Exhibition
Jeffrey Schiff: Relics


Fence Interrupted (detail)
Fence Interrupted (detail)
SVA Flatiron Project Space
133/141 West 21st Street, ground floor, New York, NY 10011Reception
Tue, Sep 30; 6:00 - 8:00pm
BFA Visual and Critical Studies presents “Relics,” an exhibition of sculpture and drawings by Jeffrey Schiff. The exhibition will be on view from Monday, September 29, through Wednesday, October 29, at the Flatiron Project Space, 133 West 21 Street.
“The past is never dead. It’s not even past,” Faulkner famously asserted. No doubt so, but what of the past that has utterly vanished and is truly irrecoverable? Jeffrey Schiff’s recent sculpture explores our uncertain relationship to that past through the device of the “relic”—a fragment of material evidence from the past revered by virtue of its very survival into the present. His work focuses on rubble—perhaps the most ubiquitous image of our epoch—as the disregarded relic of buildings originally assembled to endure. Schiff’s new sculpture is a response to real estate developers’ wholesale decimation of industrial Gowanus, the neighborhood surrounding his studio of 35 years, with echoes of archaeologies elsewhere.
Dislocating rubble from its original site, Schiff resets it in a containing structure – a reliquary of sorts. Like virtually all the collected objects that populate our museums, the rubble is extracted from the cultural domain from which it arose and then resituated for deliberate observation. The reliquary proposes to maintain the relic independent from the normative world of cause and effect, so as to sustain a place untethered-to-site and a time out-of-time. As in his earlier work, Schiff’s reliquaries raise questions about contingent relations of parts to whole, and the valuation of objects and actions.
Accompanying the sculpture are drawings that imagine the permanent mortaring of the fields of rubble left from the demolition of Gowanus. These are proposals for an impossible future, no longer actionable since the sites have now been transformed into high-rise luxury apartment buildings. The drawings memorialize the brief interval of transformation between Gowanus' past and present.

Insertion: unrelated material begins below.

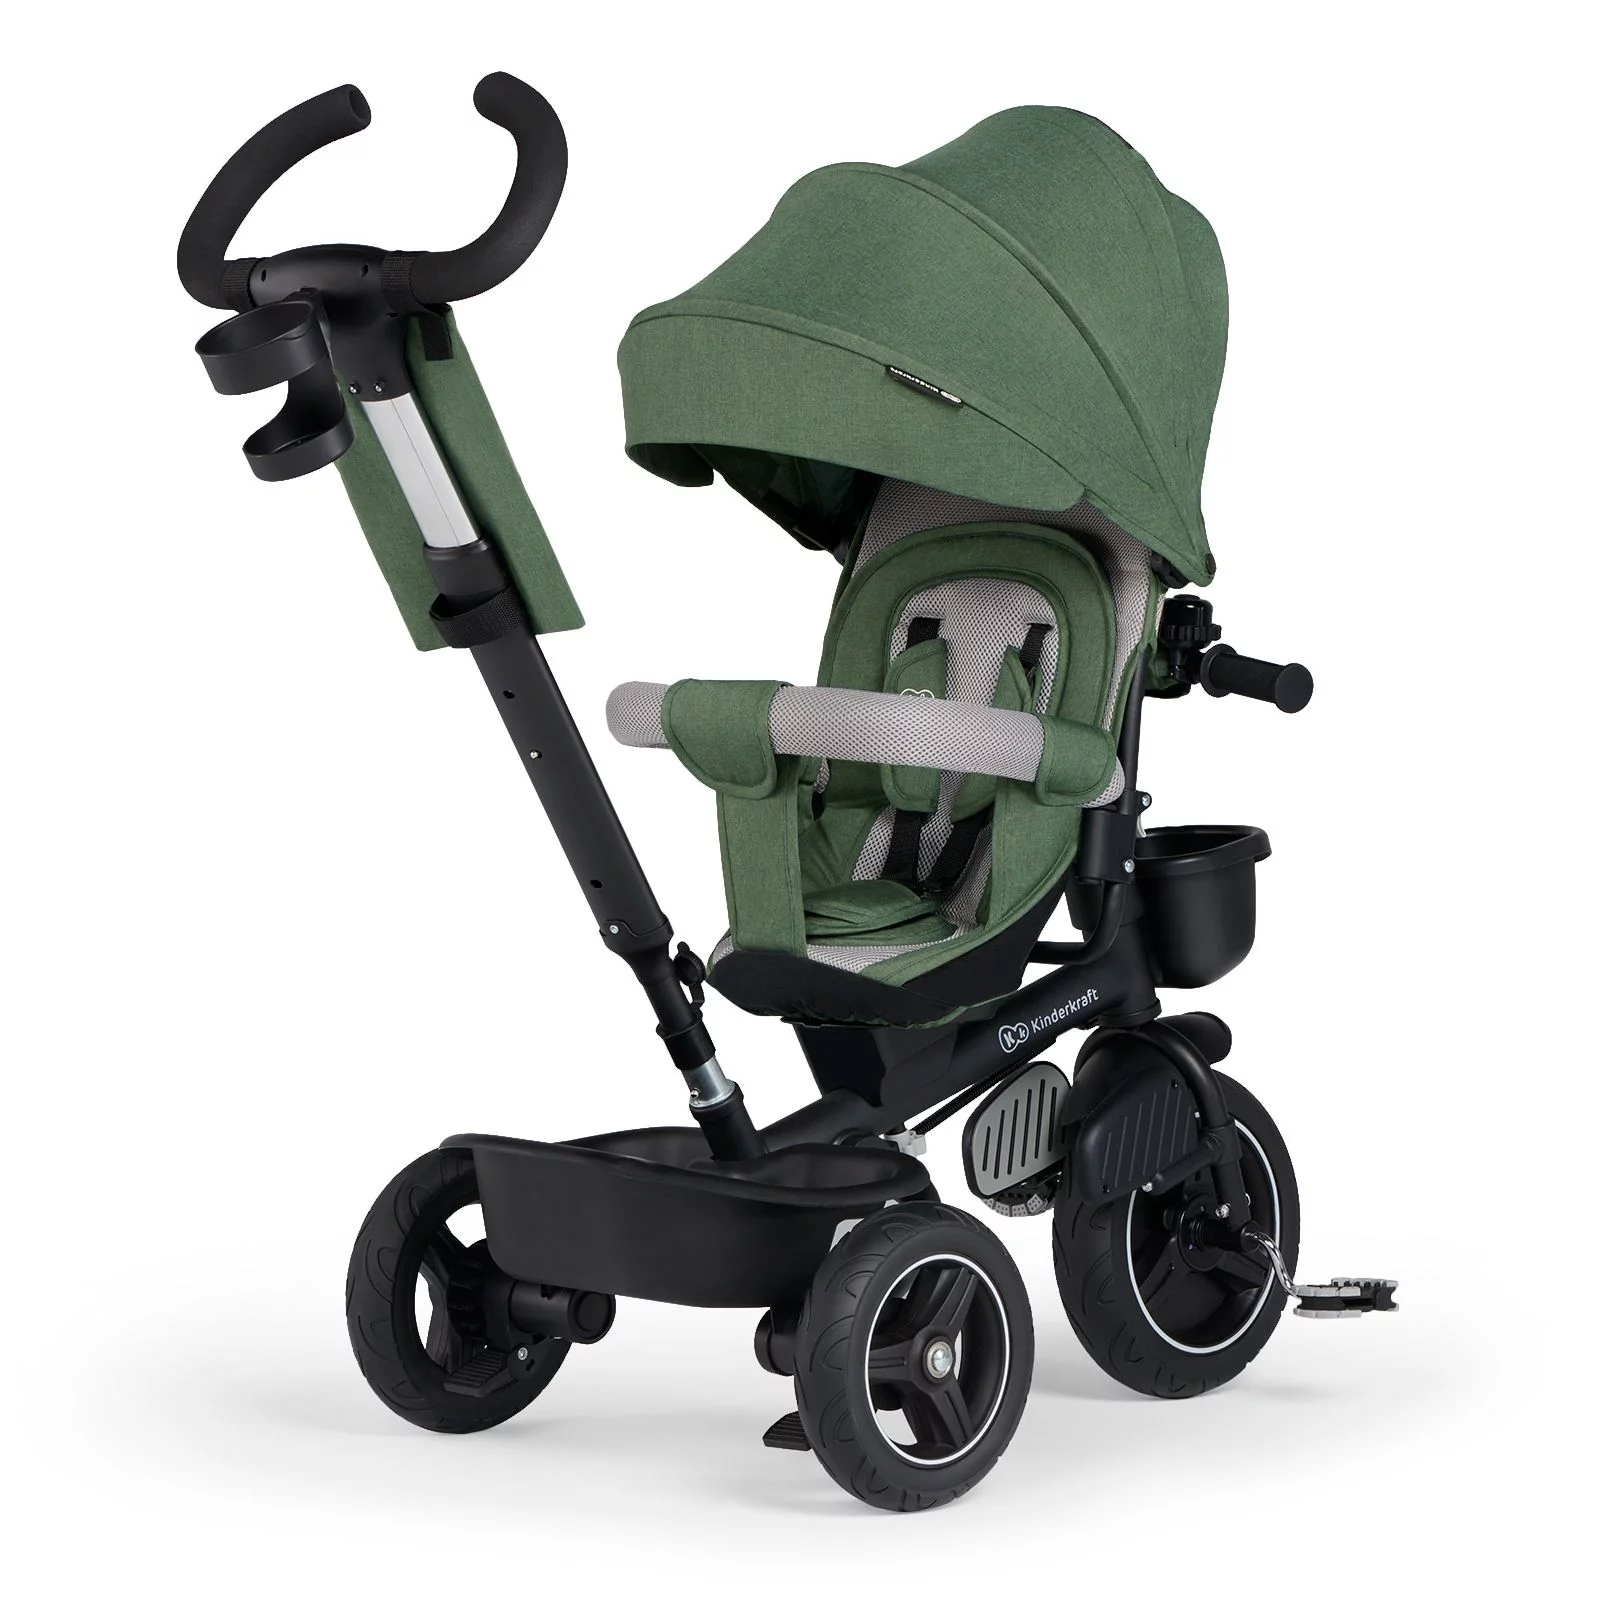 A green Spinstep stroller with a black handlebar

Jeffrey Schiff is an artist living and working in Brooklyn. He has exhibited broadly and has produced several permanent public commissions; his work has been reviewed in numerous publications including Artforum, Art in America, and the New York Times. Recipient of the Rome Prize of the American Academy in Rome, the John Simon Guggenheim Fellowship, and a Fulbright Scholar Fellowship to India, he is Professor of Art, Emeritus at Wesleyan University.
Flatiron Project Space
The Flatiron Project Space, founded and run by BFA Visual & Critical Studies, is located on the ground floor of 133 West 21 Street. The gallery invites students, faculty, and industry experts to collaborate on exhibitions and other projects that highlight our rapidly expanding visual culture. Shows are held monthly and include video, performance, painting and sculptural projects.
The gallery is open Monday through Sunday, 9 AM to 6 PM. It is fully accessible by wheelchair.